# Becky got a new camera



## emc7 (Jul 23, 2005)

she had to try it (Olympus FX-775) out right away (before wiping the glass)








Darth Pseudo









more to come (once I resize)


----------



## Blackbeard (Jan 19, 2008)

Even if it's fuzzy, I'm digging the second pic. 

What are the blue dudes? (I'm not cool enough to be able to ID fish like everyone else)..  

They're beautiful!


----------



## emc7 (Jul 23, 2005)

Psuedotropheus demasoni


----------



## oliesminis (May 7, 2007)

nice fish in the pics, ignoring the blurryness the first pic is great


----------



## emc7 (Jul 23, 2005)

LOL my sister gets upset when anyone calls her Rebecca. She has so many fish pics.

The camera has a video function and comcast just upped the web storage, so I uploaded one her first vid from this camera to test it.

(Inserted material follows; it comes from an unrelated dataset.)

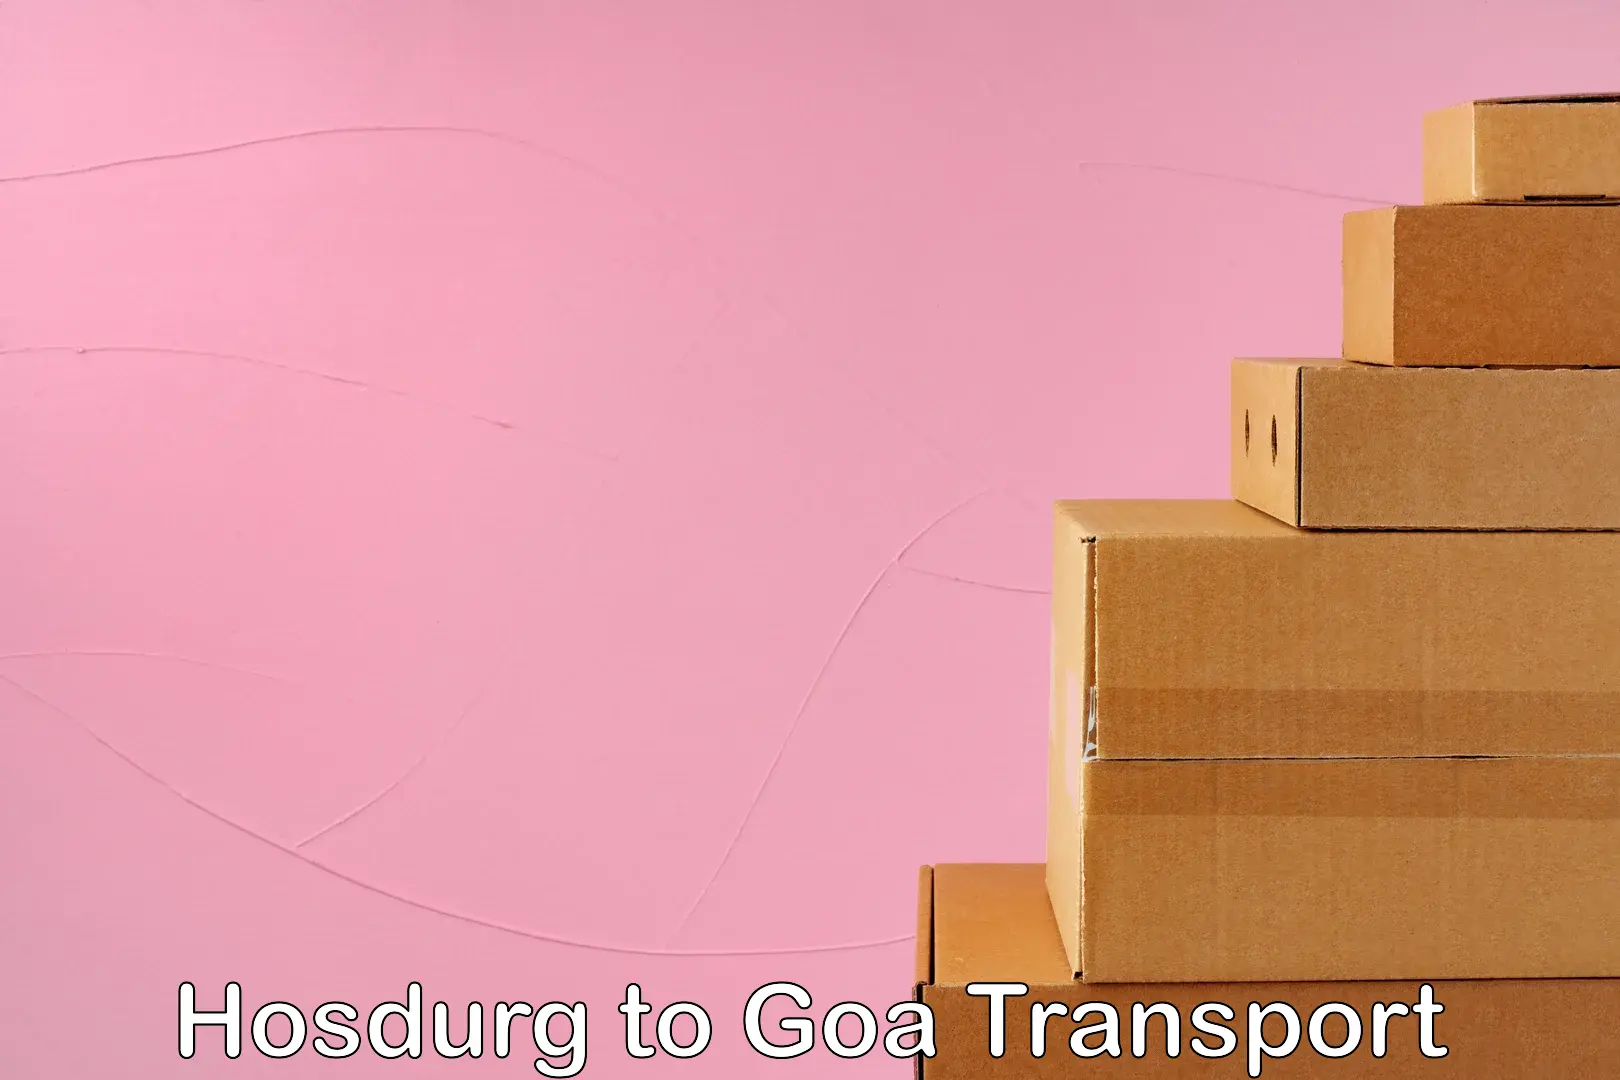 International cargo transportation services Hosdurg to Mormugao Port

Anyway anyone with a fast connection who dares to see a unedited, 5.5 min, 110Mb video of the fish in the second pic. Click here http://home.comcast.net/~cekiscichlids/DEMASONI.AVI Caution this video is rated MA because of sex and violence.

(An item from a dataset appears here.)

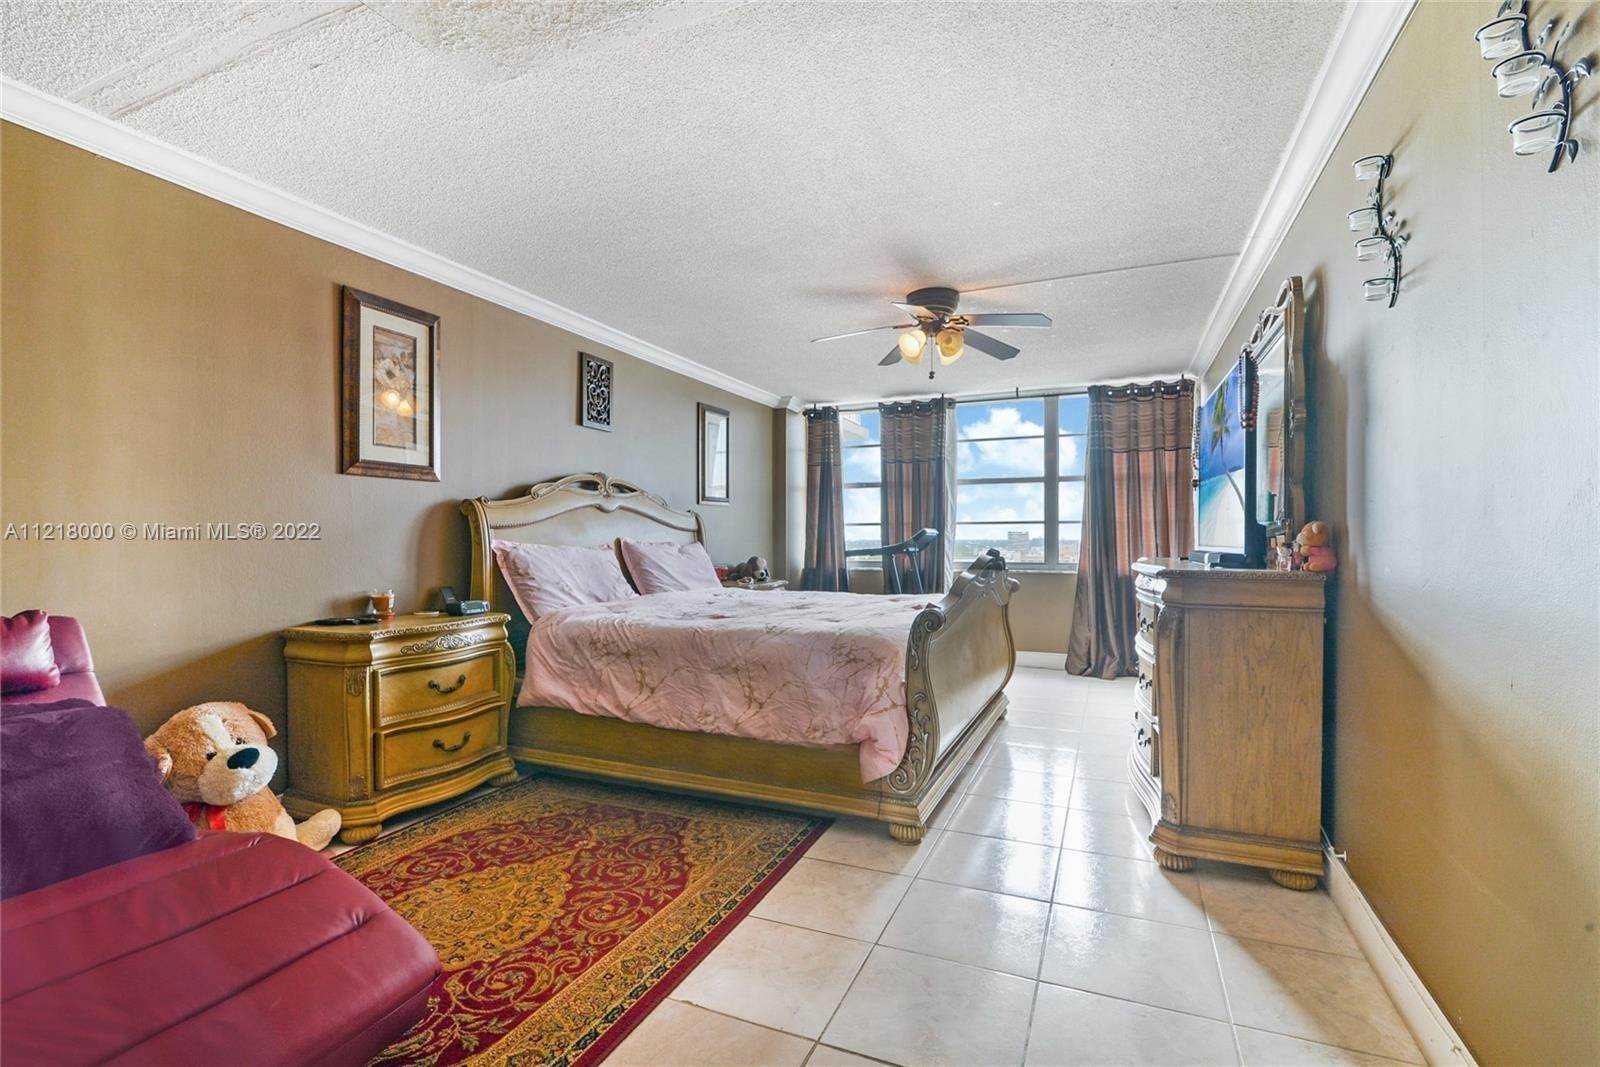 3. Condominium for Sale at Aventura, FL 33160

We trashed the tank catching a fish for the auction and the fish just ignored the nets. Later (not in video) they were jaw-locking through it.


----------



## emc7 (Jul 23, 2005)

Here's another blurry one. Still its not bad for having the camera about half an hour









edited smaller for size


----------



## emc7 (Jul 23, 2005)

This one is sharp-wished she washed off the water spots.


----------



## oliesminis (May 7, 2007)

good reults from that camera keep it up


----------